By Stephen Robb BBC Entertainment reporter, BBC News |

 Catchphrases include wheelchair user Andy's "I want that one" |
With Little Britain stars Matt Lucas and David Walliams's reign as the country's top comedy double act set to continue with the signing of an exclusive BBC deal, their legions of fans will be hoping this showbiz marriage is built to last.

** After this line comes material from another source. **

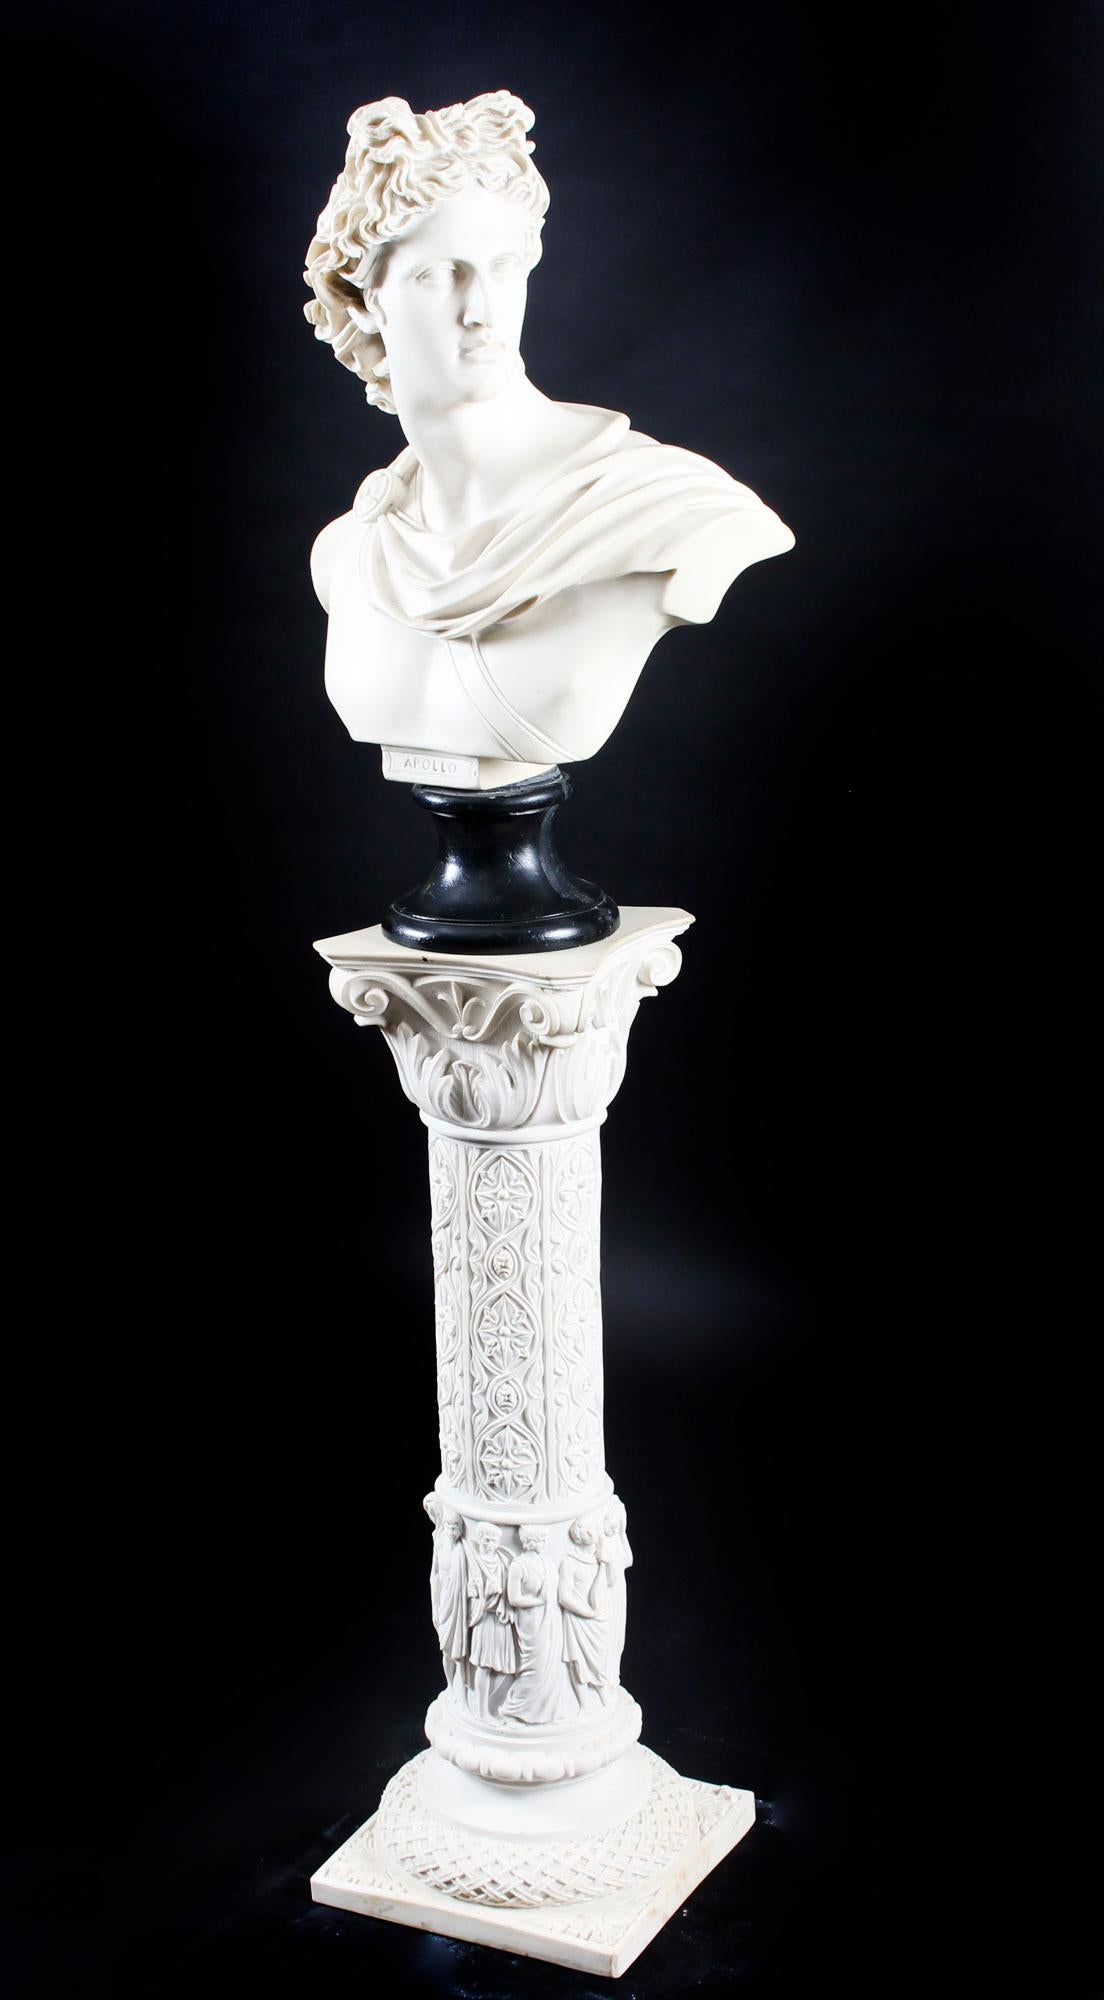 Eine wunderschön geschnitzte Marmorbüste des berühmten griechischen Gottes Apollo, auf dem originalen fabelhaften dekorativen Sockel aus der Mitte des 20. Jahrhunderts.

Die Detailgenauigkeit des Stücks ist unübertroffen und die Figur ist äußerst

Lucas and Walliams were reportedly brought together at the National Youth Theatre by a shared love of the duo from whom they inherited their crown, Vic Reeves and Bob Mortimer.
The Lucas-Walliams partnership already spans more than a decade, having begun with the stage show Sir Bernard Chumley and Friends, which they first took to the Edinburgh Festival in 1995.
They brought the character of the ignorant and snobbish ageing actor to television screens in 1999, in six 10-minute episodes of Sir Bernard's Stately Homes.
The double act gained a wider audience with Rock Profile, the spoof interview series in which they impersonated the likes of Sir Elton John, Dame Shirley Bassey and Shaun Ryder.
Waxwork dummies
But when their parade of grotesques, Little Britain, was first aired on BBC Radio 4 in 2001, no-one could have predicted the all-conquering phenomenon it would become.
Three subsequent television series have won three Baftas, spawned best-selling DVDs, a hit stage show, Madame Tussauds waxworks and numerous ubiquitous catchphrases: "Yeah but no but..."
 Little Britain has won a host of awards since its 2003 TV debut |
A Radio Times poll last year named Lucas and Walliams the most powerful people in TV comedy. All of which seems to justify BBC One controller Peter Fincham's comment on the duo's new BBC deal, "I think they are worth the money," though he declined to name the sum.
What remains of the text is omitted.